The authors present a novel approach to learning from crowds that combines deep learning with crowdsourcing in a unified framework. They introduce a crowd layer that allows DNNs to be trained end-to-end using noisy labels directly from multiple annotators. This is accomplished through a straightforward modification to the network architecture, enabling backpropagation to account for annotator reliability and biases without the need for computationally intensive iterative methods like Expectation-Maximization (EM).

EM Algorithm

Initially, the paper explores a conventional strategy of leveraging an EM algorithm to jointly learn the parameters of the DNN and the reliability of annotators in a multi-class classification setting. This method involves estimating ground-truth labels as latent variables, which offers improvement over simple aggregation methods like majority voting. However, the paper notes practical limitations including computational overhead and restrictions in extending beyond classification to regression or structured output tasks.

Crowd Layer

The crowd layer is advanced as an elegant solution to these constraints. This network layer facilitates the training process by modeling annotator-specific transformations, such as biases and weights, directly in the network structure. As a result, the network can dynamically learn to mitigate annotator errors during training, providing a more flexible and efficient approach compared to previous methods which often require complicated preprocessing or postprocessing steps.

Empirical Evaluation

Significant empirical validation is presented across diverse datasets and tasks. The authors demonstrate that their crowd layer approach yields state-of-the-art results on real-world datasets from Amazon Mechanical Turk across various applications, including image classification, text regression, and named entity recognition.

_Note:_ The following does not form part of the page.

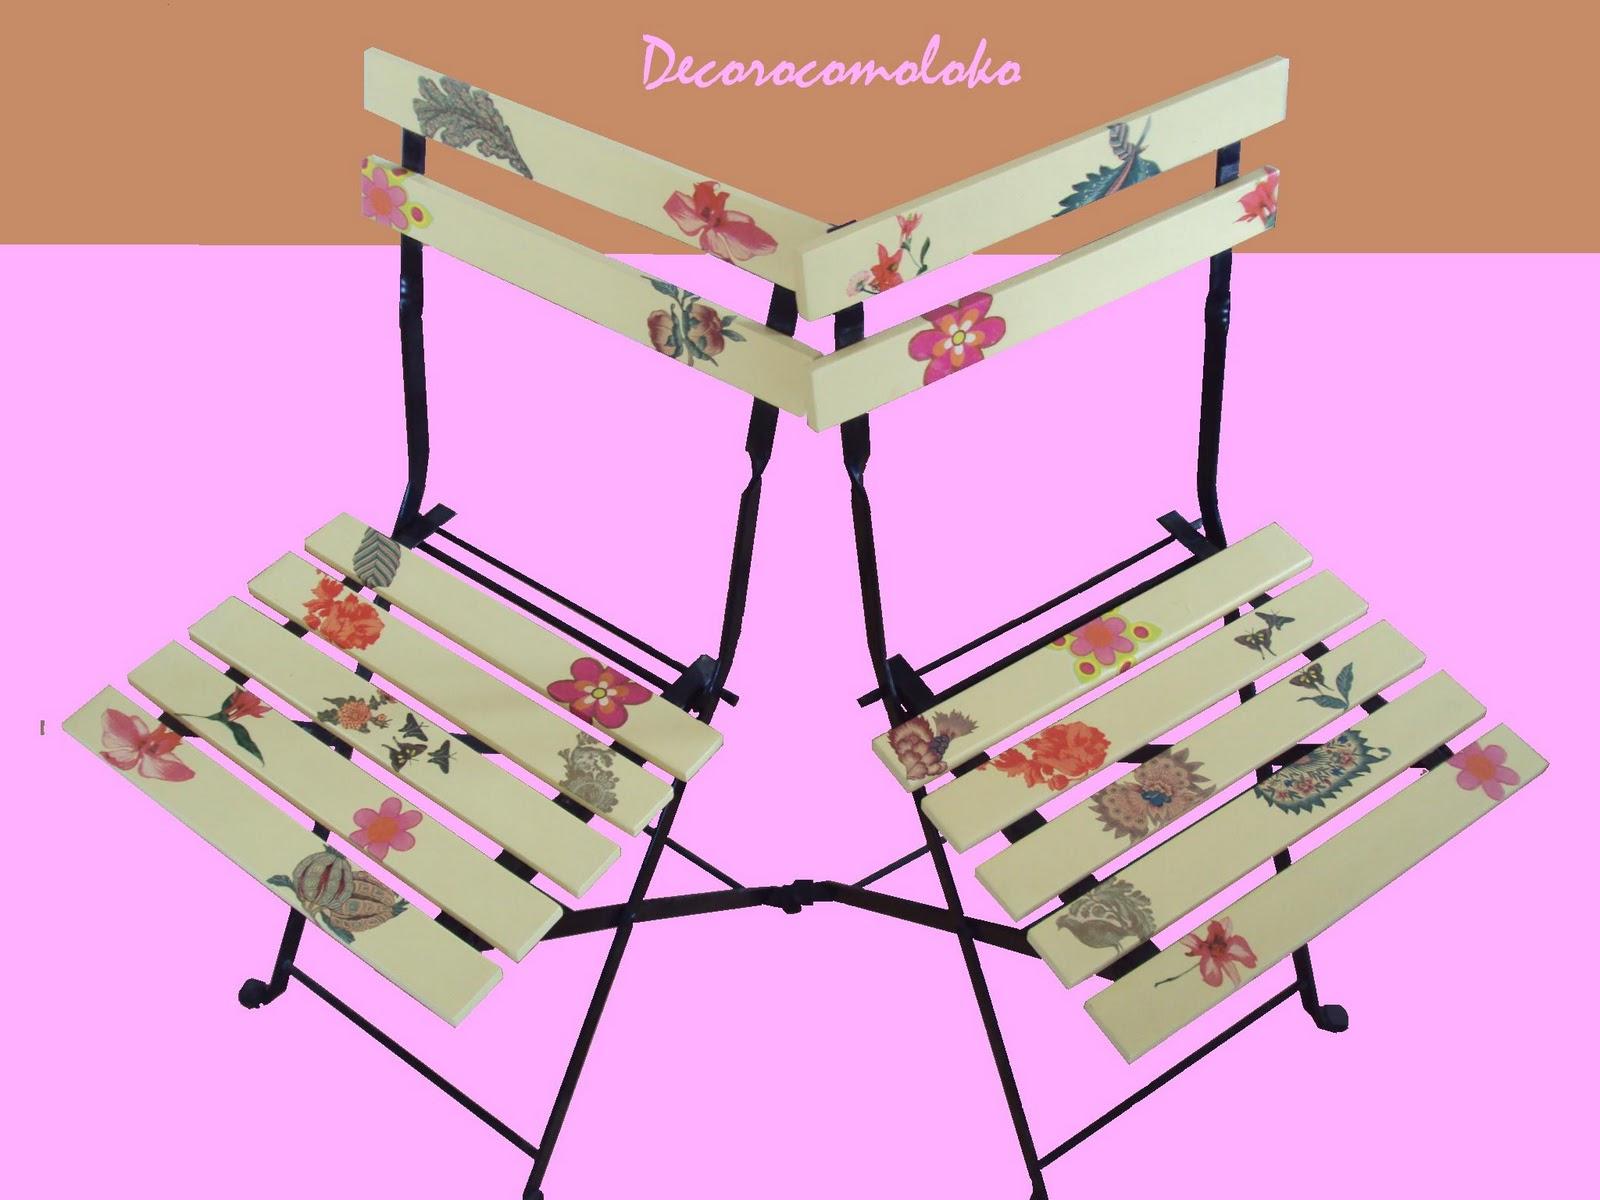 Decorocomoloko decoupage para una sillas de terraza - Sillas de plastico para terraza ...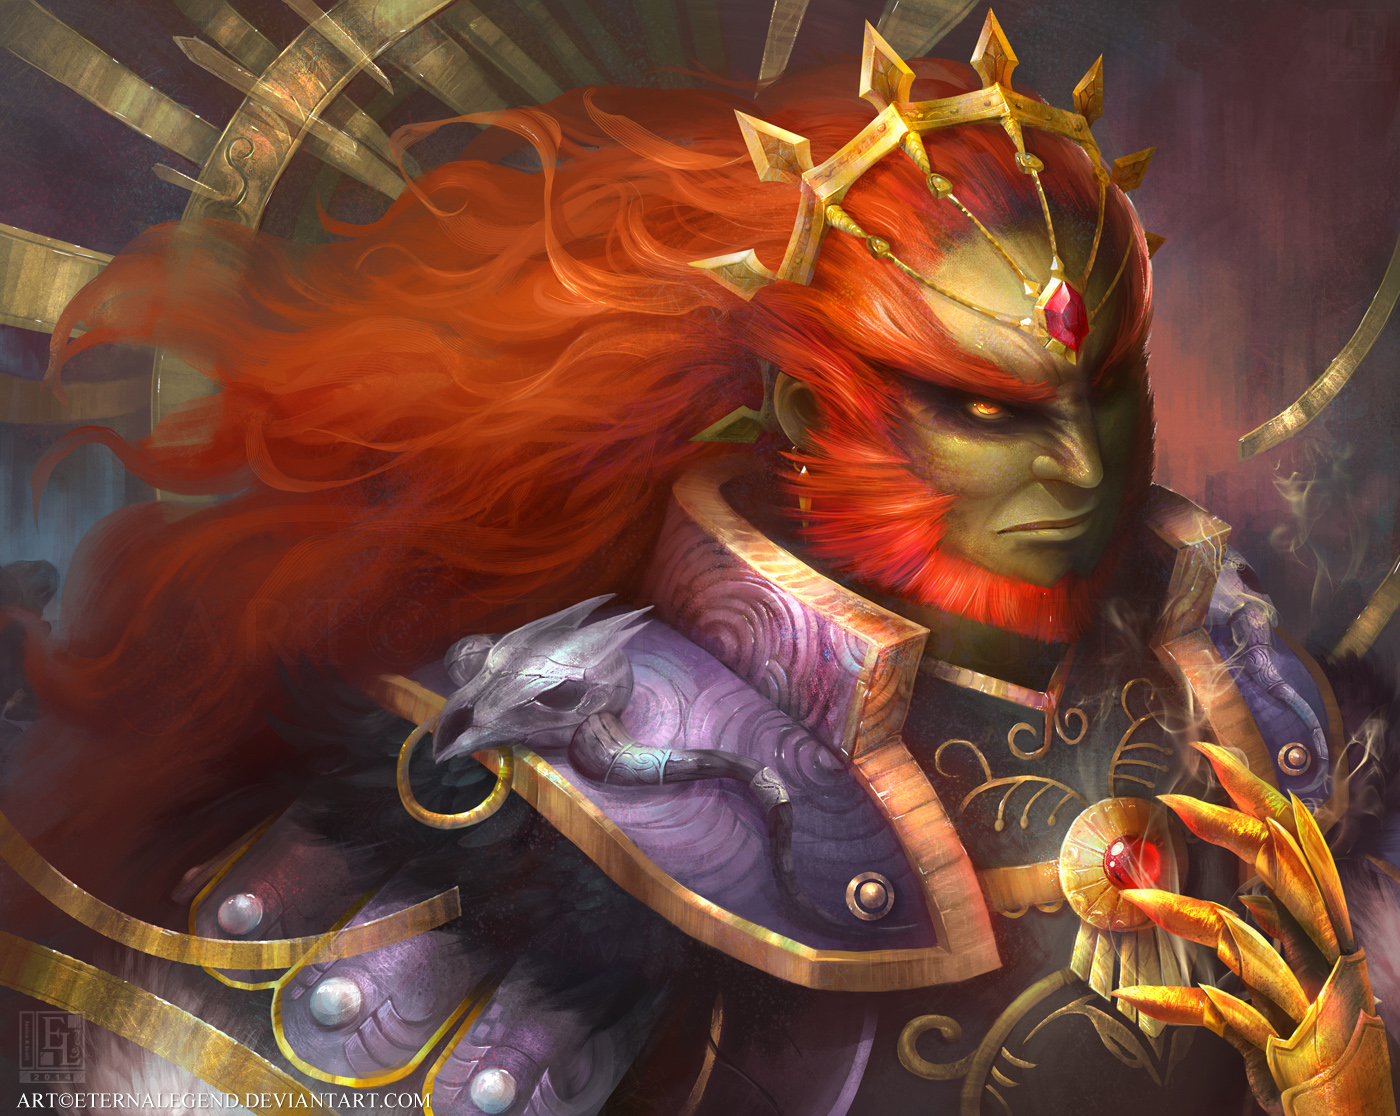 Galeria de Arte: Ficção & Fantasia 1 - Página 5 The_king_of_evil_by_eternalegend-d7xj7hm

The results underscore the ability of the crowd layer model to autonomously distinguish between reliable and unreliable annotations, adjust for biases, and ultimately improve model accuracy compared to previous methods such as EM-based approaches or aggregation techniques like majority voting.

Implications and Future Directions

The practical and theoretical implications of this work are multifaceted. On the one hand, it underscores the potential for integrating noisy, real-world data into sophisticated DNN architectures without onerous preprocessing, thereby reducing the barrier to deploying deep learning solutions in environments where clean data is scarce or expensive. On the other hand, the model's simplicity belies its potential versatility, with straightforward adaptations possible for other kinds of tasks beyond multi-class classification.

In terms of future developments, this research lays the groundwork for further explorations into robust learning algorithms that can accommodate a wider variety of noisy or biased data sources without sacrificing performance. Additionally, the interplay between crowd layer strategies and other architectures within the ecosystem of deep learning merits ongoing exploration.

Overall, the paper makes a substantive contribution to the arena of leveraging crowdsourced data for deep learning, providing a viable path forward for handling annotation noise with elegance and computational efficiency. The introduced methodologies not only advance current capabilities but also offer a scaffold for future innovation in the flexible training of neural networks on imperfect real-world data.